At the 1968 Grammy Awards, Johnny Cash was named Best Male Country Music Vocalist for "Folsom Prison Blues." In 1969, he won an unprecedented five Country Music Awards, setting a record that remains unbroken to this day. But Cash's success surprised everyone. Just two months before he recorded at Folsom prison, Johnny Cash was, for all intents and purposes "finished" in the music business.

Cash's addiction to amphetamines, barbiturates and alcohol, which began in the late 1950s, had overtaken the singer by the mid-1960s. While Cash was never incarcerated in prison (a popular misconception), he was jailed several times on "drunk and disorderly" charges. In October 1965, Cash was famously arrested in El Paso, Texas, for smuggling pills across the border from Mexico.

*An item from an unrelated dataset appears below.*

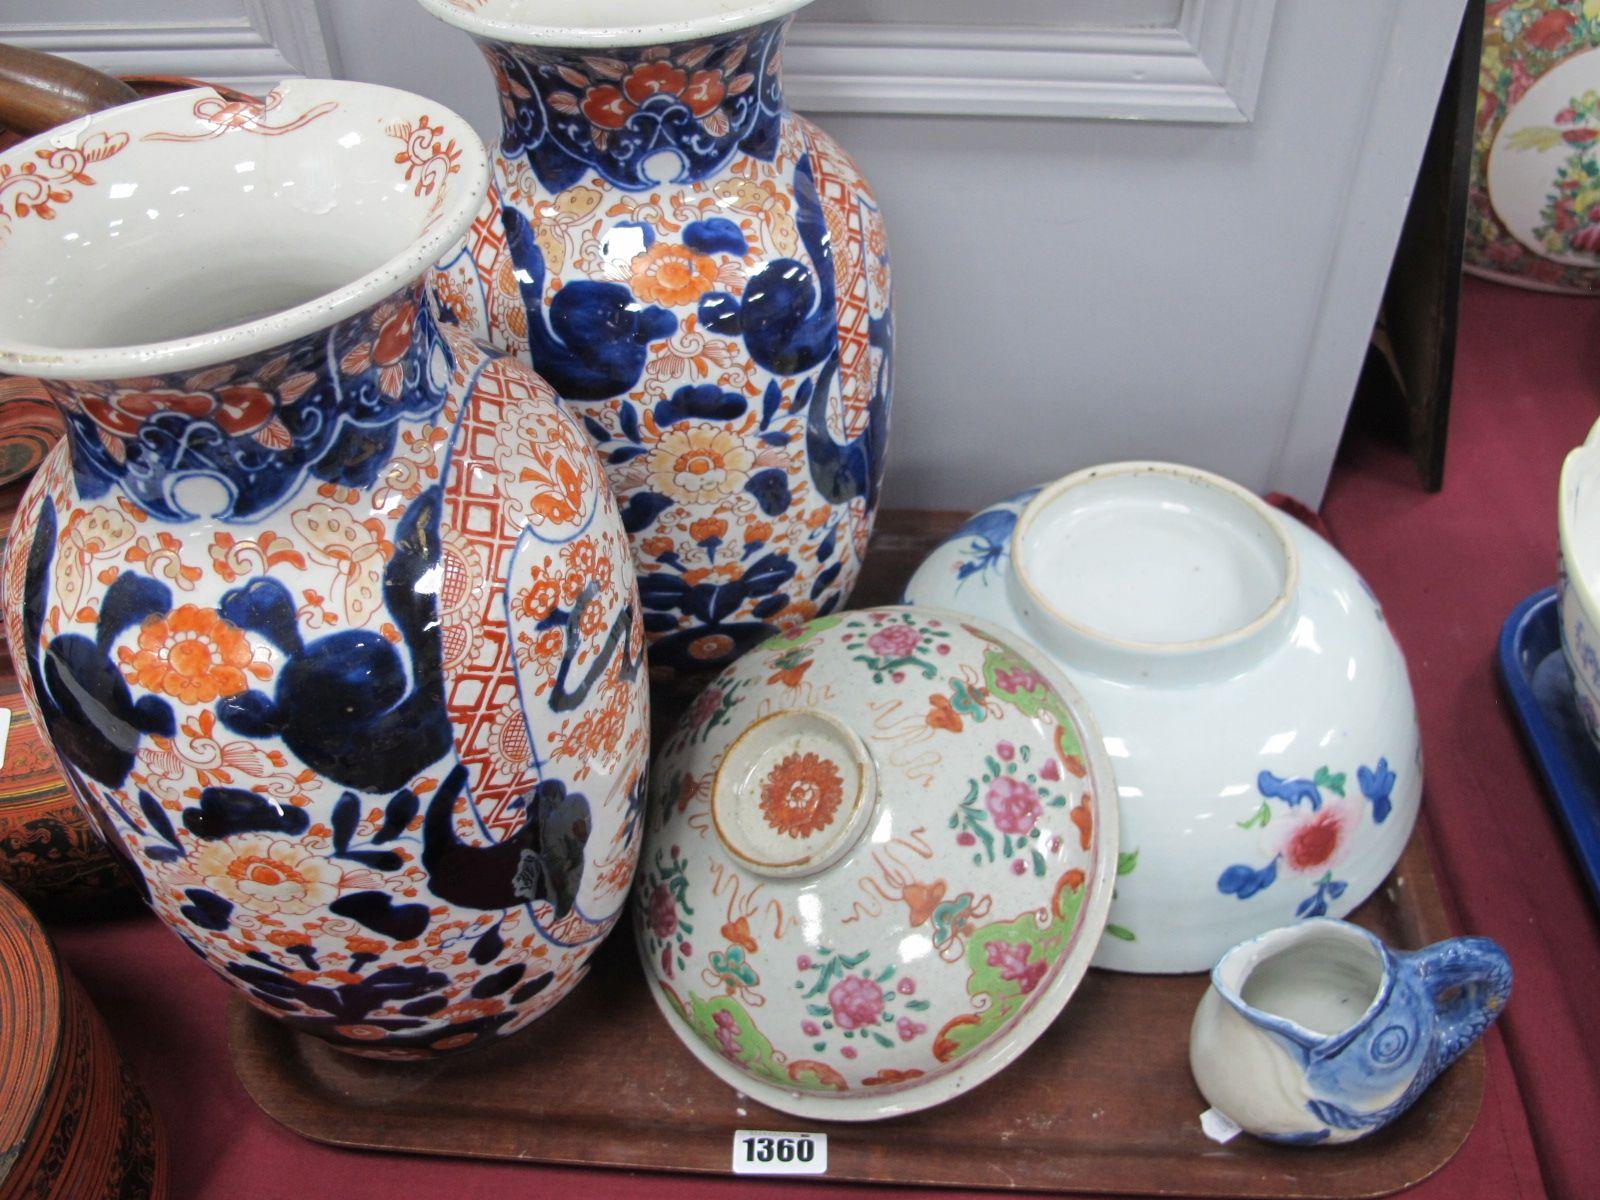 A Pair of XIX Century Imari Pottery Vases, 31cm high (damages). Chinese fruit bowl (cracked), fish

By 1967, Johnny Cash was missing more shows than he played. The Johnny Cash Show, as his traveling act was called, was then being referred to by music insiders as "Johnny 'No Show' Cash." In October 1967, contemplating suicide, Cash claimed to have crawled inside Nickajack Cave near Chattanooga, Tennessee, only to hear God telling him to go on.

After spending the month of November 1967 undergoing rehab at his home in Hendersonville, Tennessee, the singer emerged clean and sober and recommitted to God and to his career. Less than two months later, Johnny Cash recorded at Folsom prison. And the rest, as they say, is history.

The "40th Anniversary of 'Johnny Cash At Folsom Prison'" is replete with history and coincidence. The free concert will feature several members of Cash's original group. Most notable is drummer W.S. "Fluke" Holland [a special guest vocalist will be introduced at the show!].

Mr. Holland, who joined the Cash group in 1960, kept the beat for the 1968 concert at Folsom. Mr. Holland worked behind Cash for nearly 40 years and was the only member of the band never to have been fired by “The Man In Black.”

"I'm just tickled pink about goin' back to Folsom after all these years and doin' it all over again," said Mr. Holland from his home in Jackson, Tennessee. "I think John would be tickled pink too," he added.

Coincidentally, Jonathan Holiff, son of the late Saul Holiff, Johnny Cash’s personal manager from 1960 to 1973, will produce the 40th anniversary event. Saul Holiff, a Canadian entrepreneur, started promoting Johnny Cash and The Tennessee Two in 1958. After becoming Cash's manager, it was Holiff who put his client together with June Carter on December 7, 1961.

In an interview he gave to WHN Radio's Ed Salamon in 1980, Cash recalled how the two started working together. “In late '61 we played the Big D in Dallas, Texas, and my manager, Saul Holiff, said, 'We need a girl singer on the show tonight. They want more than just you and your band.' And I said, 'Well, get one.'

He said, 'What do you think about June Carter?' I said, 'I've always been a fan of hers' and I had, you know. I loved her work. I said, 'Get her if you can.' So we booked June Carter on the Big D in Dallas and then that night my manager asked if she would work the next tour with us. So she did,” Cash said.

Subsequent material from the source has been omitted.